# what do u think about the horrible news on Iams pet food?



## Gibbosulyy (Jul 9, 2010)

Its so sad i read this article on iams pet food and it had videos on how the tested the animals to see what would happen to them .Some of the died!Its SICK!!!


----------



## JANICE199 (Feb 1, 2008)

Gibbosulyy said:


> Its so sad i read this article on iams pet food and it had videos on how the tested the animals to see what would happen to them .Some of the died!Its SICK!!!


*Do you have a link?*


----------



## LouJ69 (Feb 28, 2009)

I've been hearing stuff like that for ages about Iams & I remember seeing a video a few years ago too. If you put 'Iams cruelty' into you tube, there are lots of results there


----------



## RockRomantic (Apr 29, 2009)

JANICE199 said:


> *Do you have a link?*


i found this

PETA TV:Iams: A Recipe for Cruelty - video

IamsCruelty.com


----------



## flufffluff39 (May 25, 2009)

Gibbosulyy said:


> Its so sad i read this article on iams pet food and it had videos on how the tested the animals to see what would happen to them .Some of the died!Its SICK!!!

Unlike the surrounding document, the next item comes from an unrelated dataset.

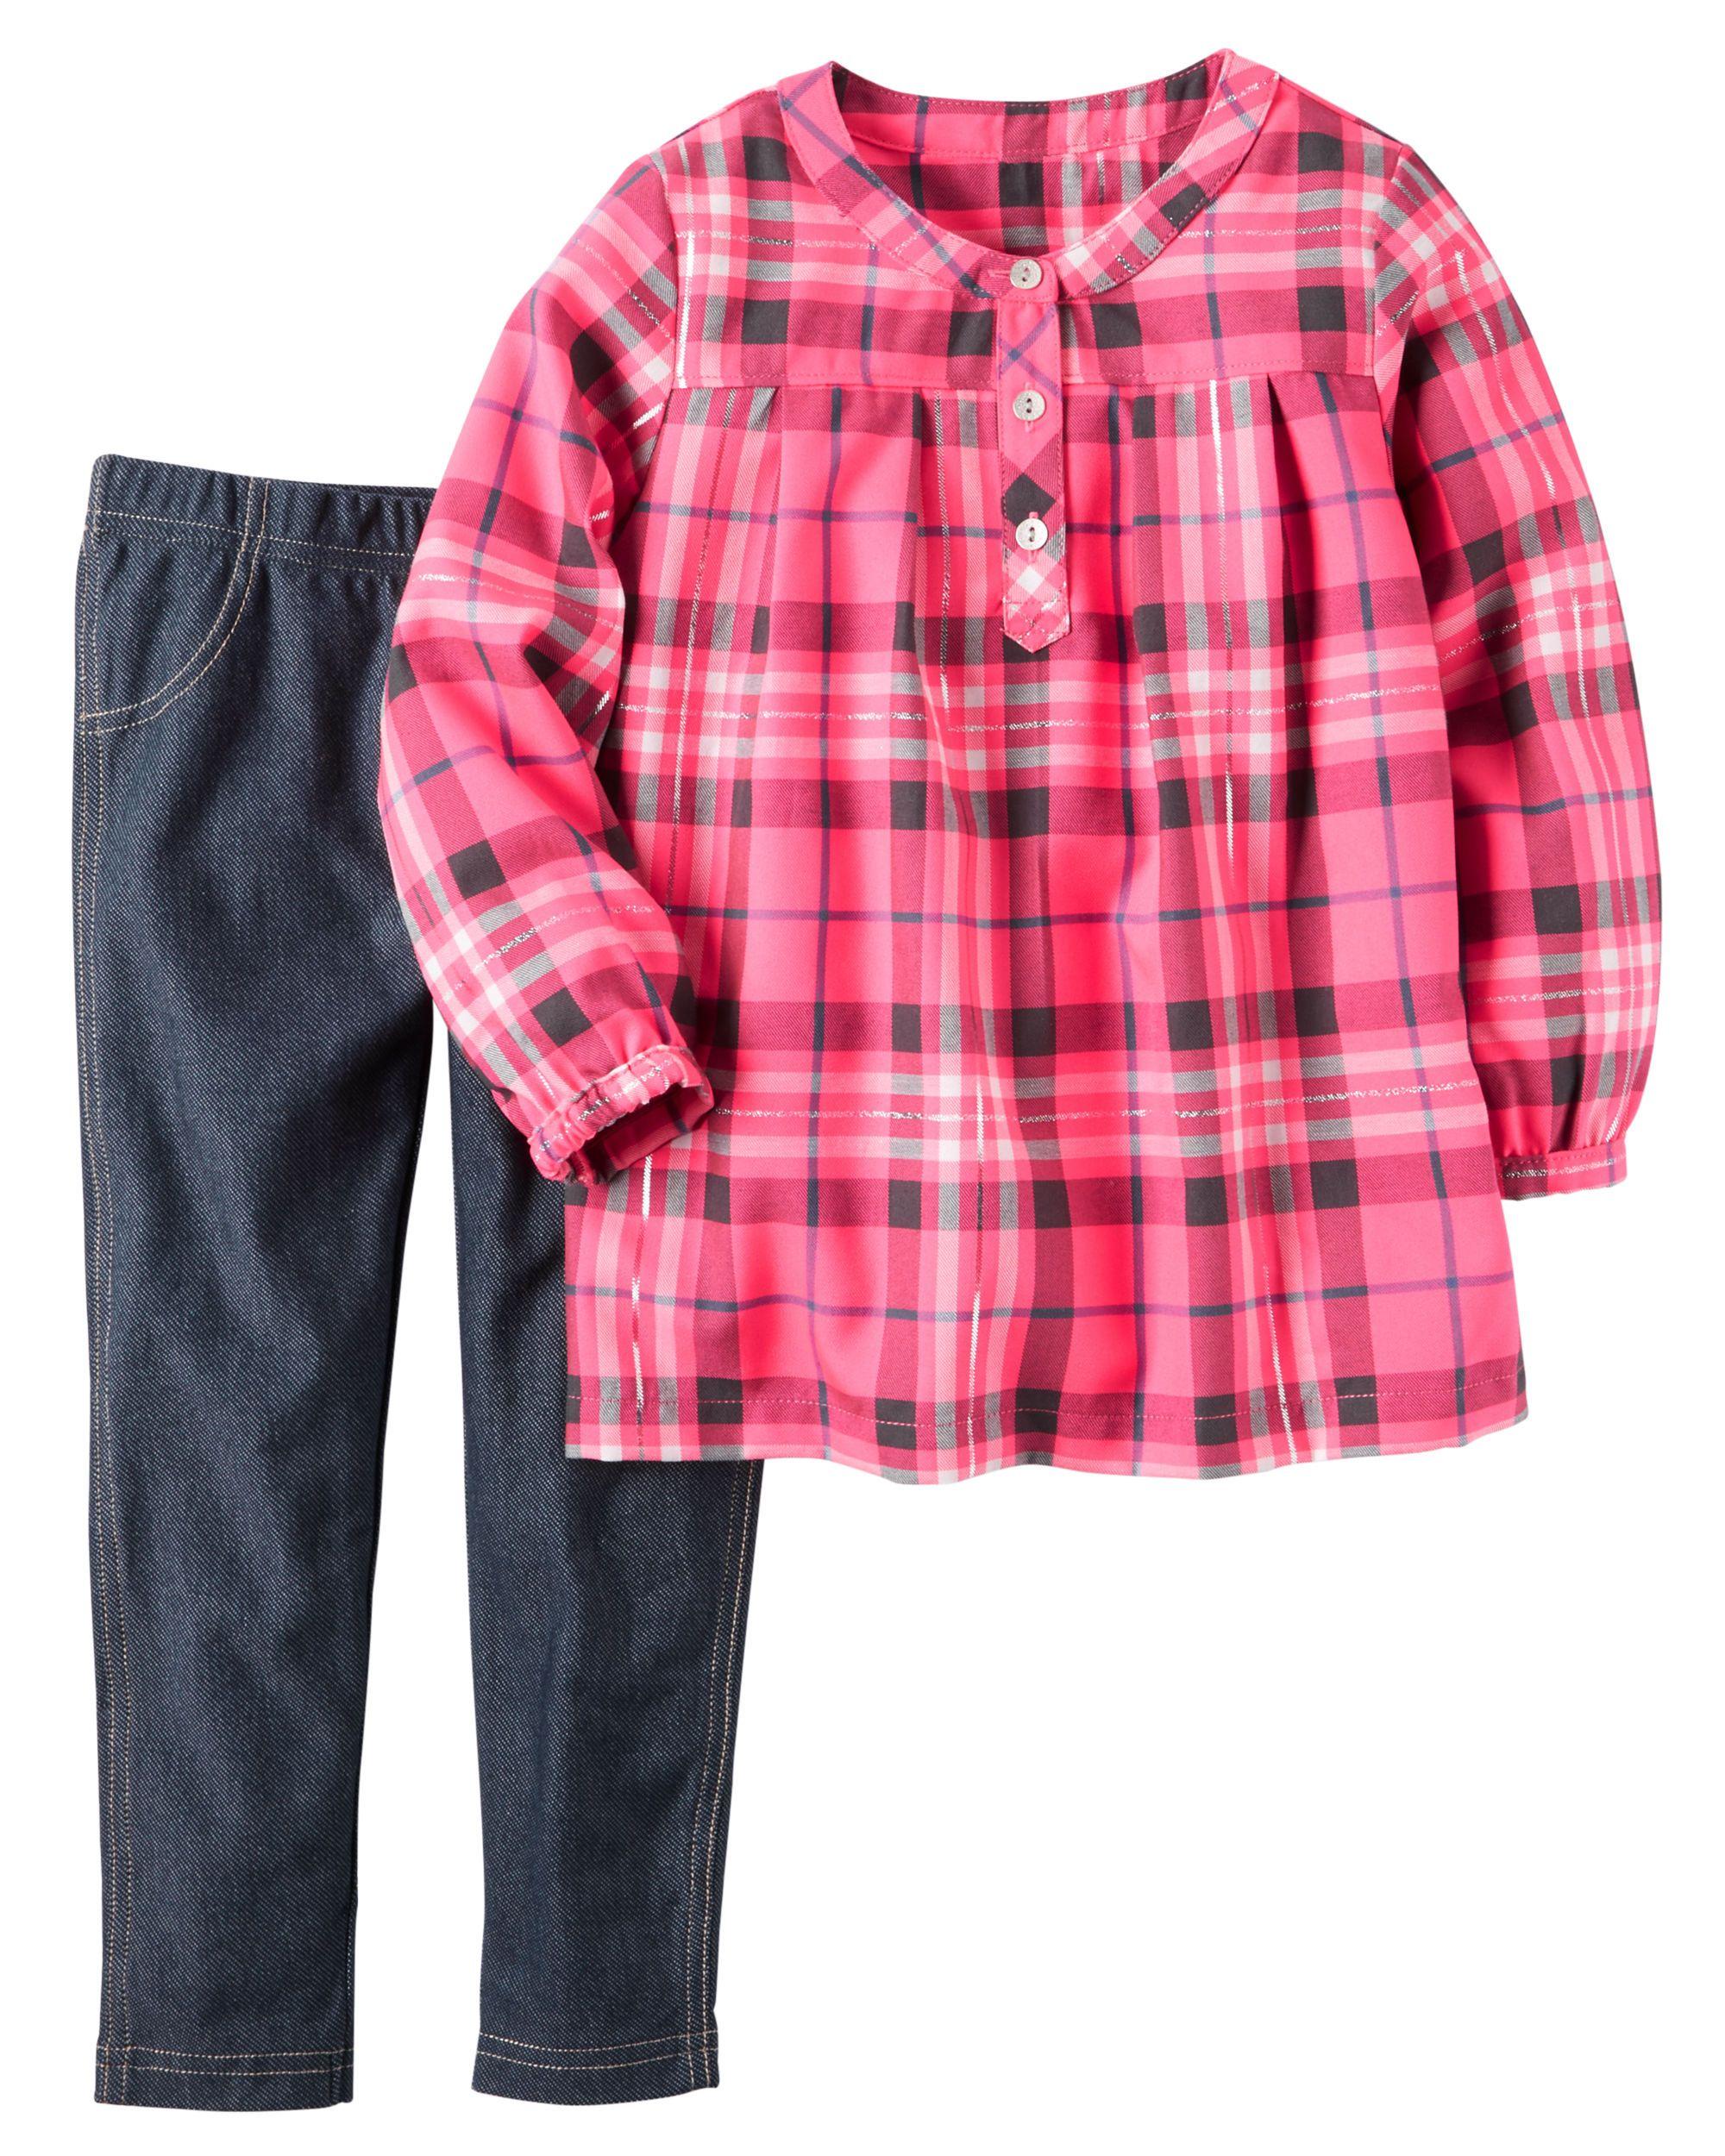 UK Toddler Kid Baby Boy Clothes T-Shirt Top Long Leggings 2PC Cotton Outfits Set

I new about this years ago   Disgusting !!!


----------



## thedogsmother (Aug 28, 2008)

Heard this years ago too, its the main reason I would never consider buying any iams product.


----------



## ClaireandDaisy (Jul 4, 2010)

This isn`t new, is it? I`ve heard it before. Iams keeps saying it`s changed, but I see no evidence of that.


----------



## tiddlypup (Oct 4, 2008)

seen them years ago but what gets me is the laws changed and you can now be prosecuted for having an obese pet,RSPCA should put their money where their mouth is,beagles pumped that obese that they cant move but as always nowt will be done


----------